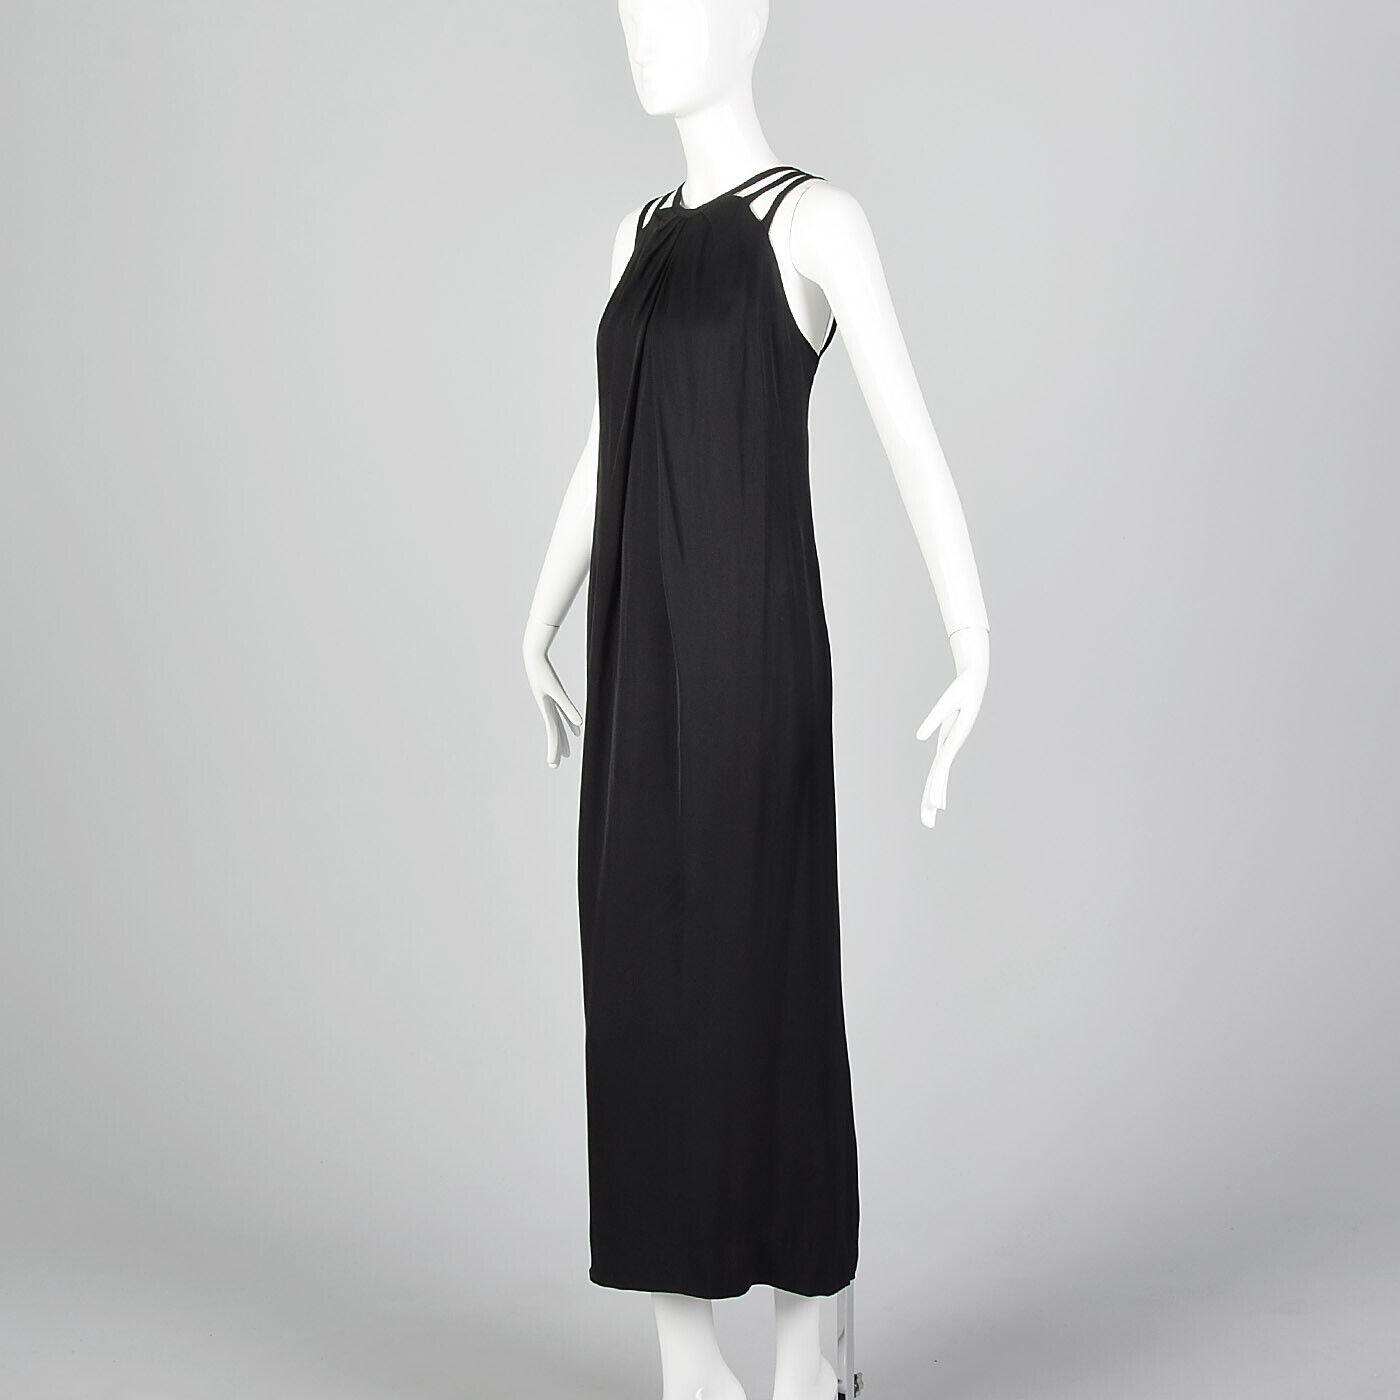 XXS 1960s Ceil Chapman Evening Dress Designer Bla… - image 2
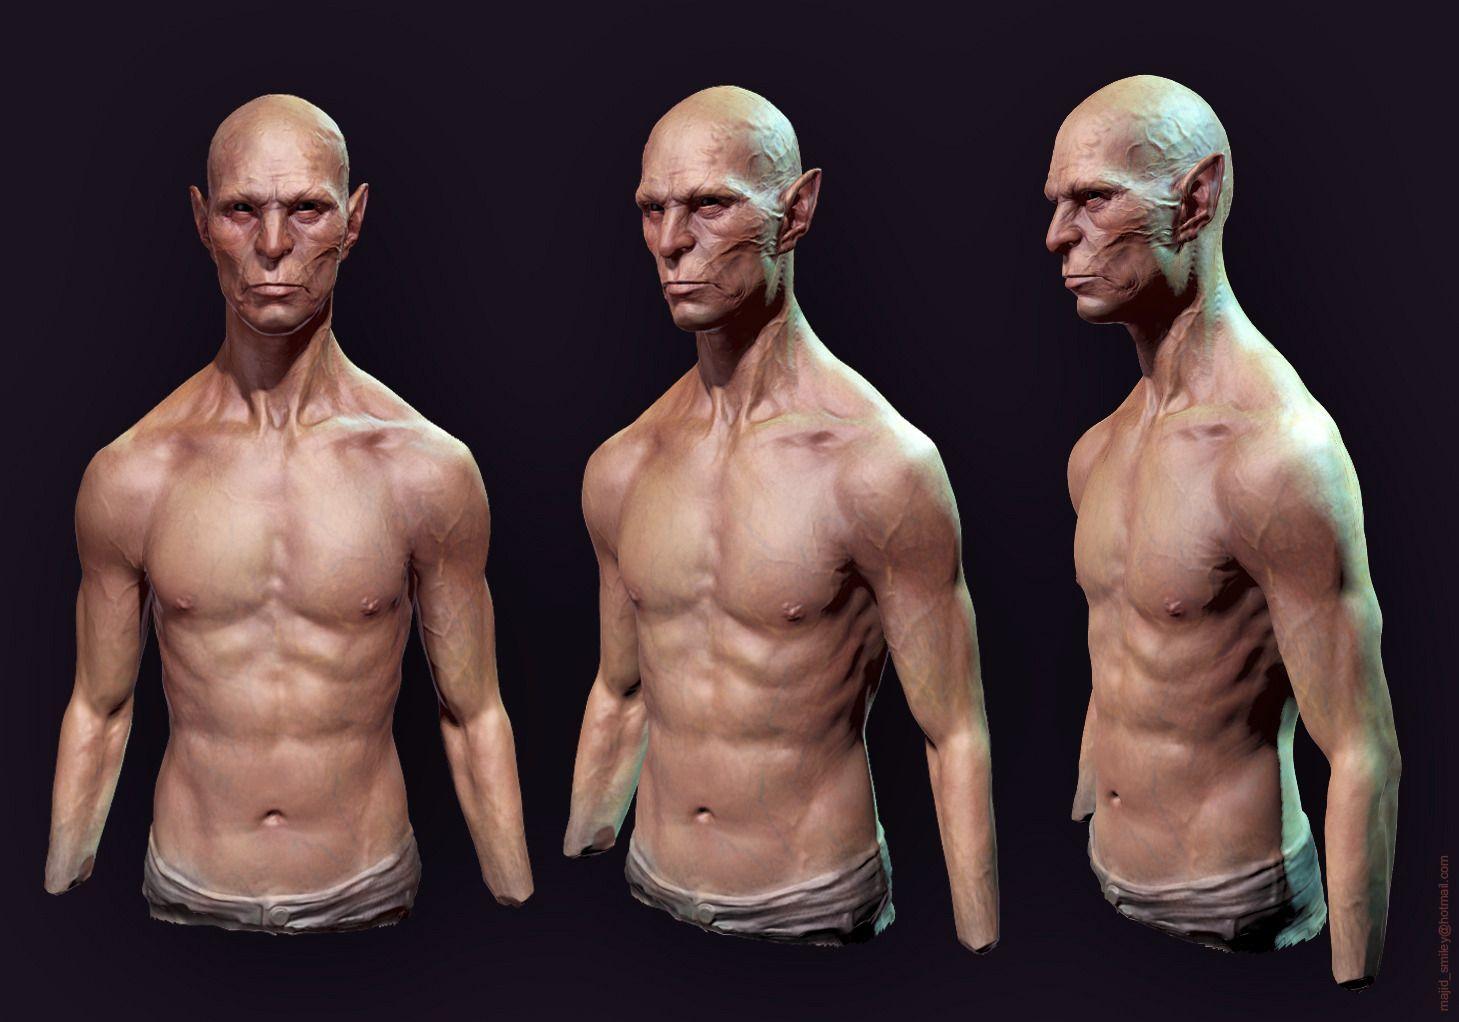 My Zbrush Artworks - Majid Esmaeili - Page 9 | Characters 3D ...
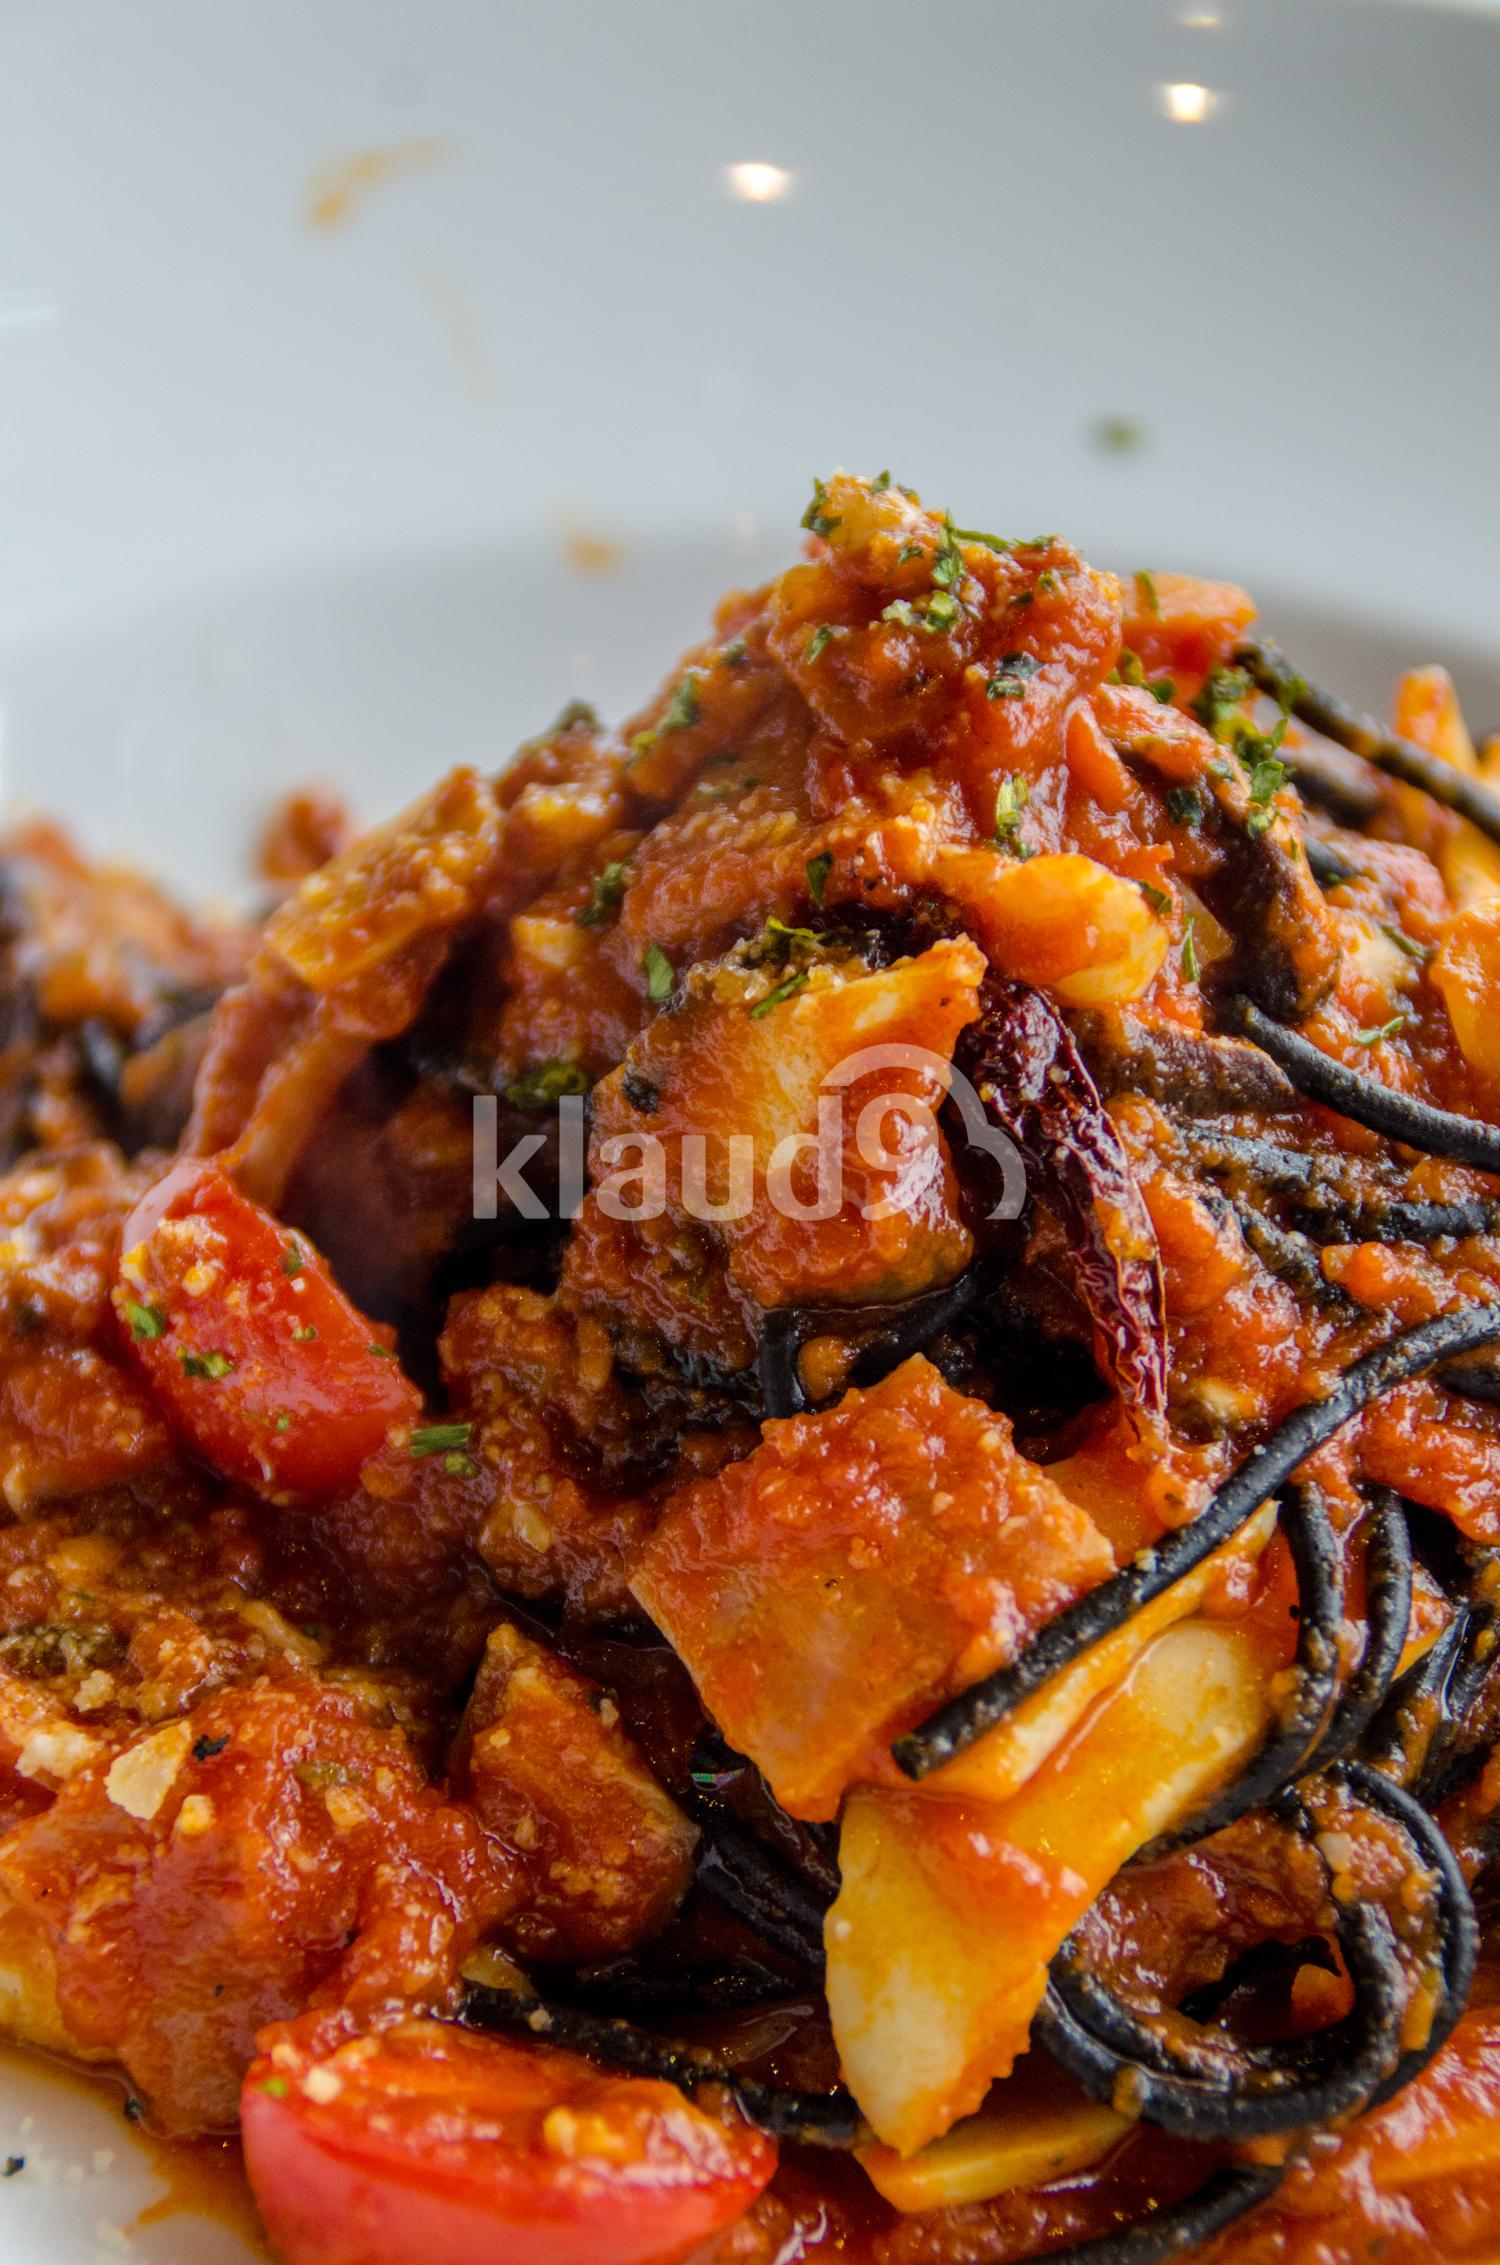 Black spaghetti sauce, chili, seafood

-- WORK TO COMPLETE --
Reproduce the data verbatim and omit each image.

-- PROBLEM SOLUTION --
 XXS 1960s Ceil Chapman Evening Dress Designer Bla… - image 2
 My Zbrush Artworks - Majid Esmaeili - Page 9 | Characters 3D ...
 Black spaghetti sauce, chili, seafood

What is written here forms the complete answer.